In this way, position from coast on ferry route was translated into distance from bird observation station. Distances obtained were pooled into distance intervals of 500 m and were truncated at 3,000 m. This conversion could be done, because field evidence shows that the majority of seabirds maintain an east–west direction (either E–W or W–E) when crossing the Strait, thus crossing the NE–SW part of the ferry transect at an angle of about 10–20°. The vast majority of the tracks recorded in the Tarifa Island by the radar followed the same E–W or W–E direction (Mateos 2009). Also, the birds/flocks visually observed from the Tarifa Island throughout the Migres Marinas program followed E–W directions. There are no indications of birds maintaining their off-shore distances and following the NE–SW direction of the coastline to the E of Tarifa. Obviously, birds/flocks approaching the reference point from E or W while flying further north than the latitude of the Isla de Tarifa have to redirect their flight course slightly southward to avoid flights across land. Our suspicion is that they use the Tarifa island as a geographical reference point, while taking up their previous E–W or W–E course after passage.

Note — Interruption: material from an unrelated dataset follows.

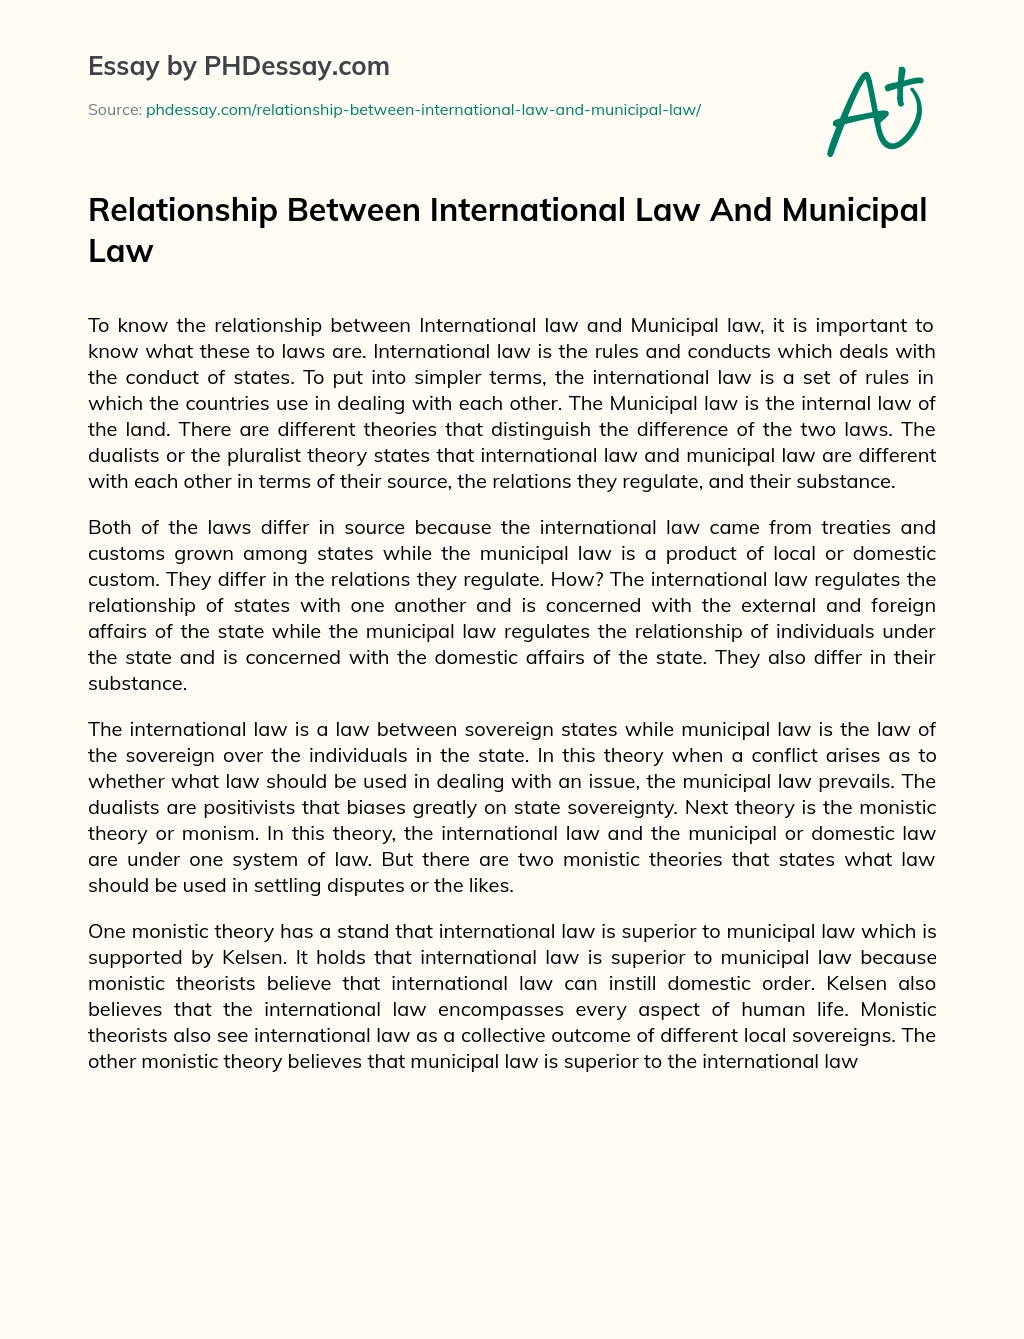 Relationship Between International Law And Municipal Law essay

For the comparison of land-bound observations and ship transects, we included the total number of birds spotted within each interval both from land and from ship, standardising the numbers with the available observation time per distance interval. The number of birds per interval, standardised by the observation time in that interval and given as a percentage of the standardised total within the N–S distance of 3,000 m from the reference point were compared between land and ship surveys by using χ ² test.

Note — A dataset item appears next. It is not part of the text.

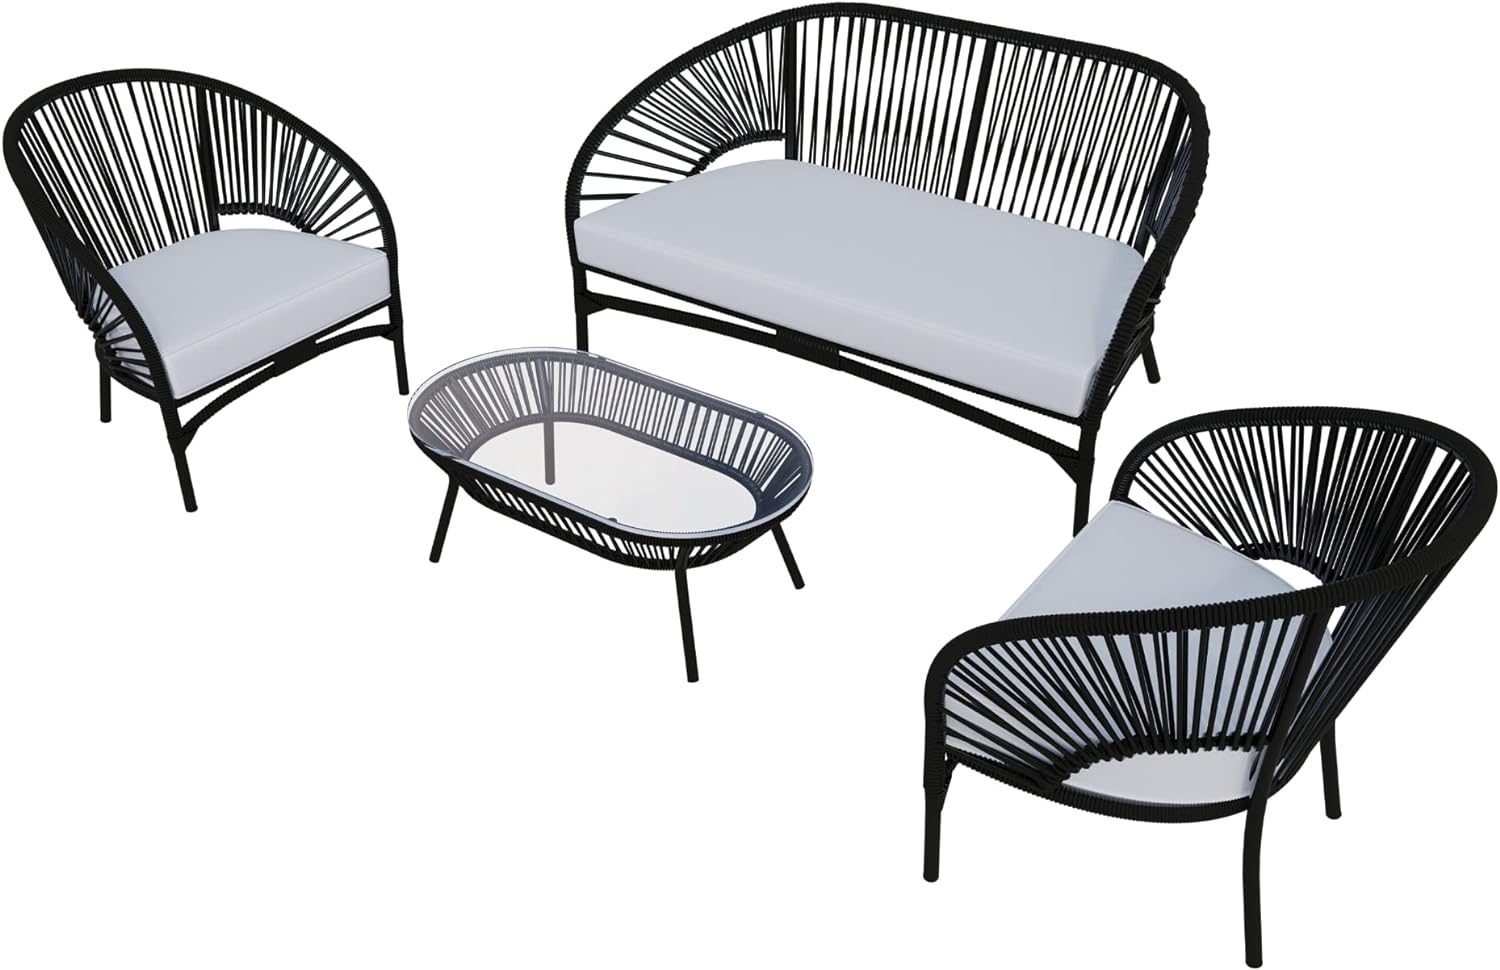 Pavilion Loveseat, 2 Chairs & Table 4 Piece Outdoor Set

To determine whether the probability to detect birds further away from Tarifa decreases with increasing wind in the Strait of Gibraltar, by using Distance Sampling procedure (as explained in “Methods” section) all ship transects were used, both those form Algeciras to Tangier and from Tangier to Algeciras during the whole year (46 trips from Algeciras to Tangier and 46 from Tangier to Algeciras).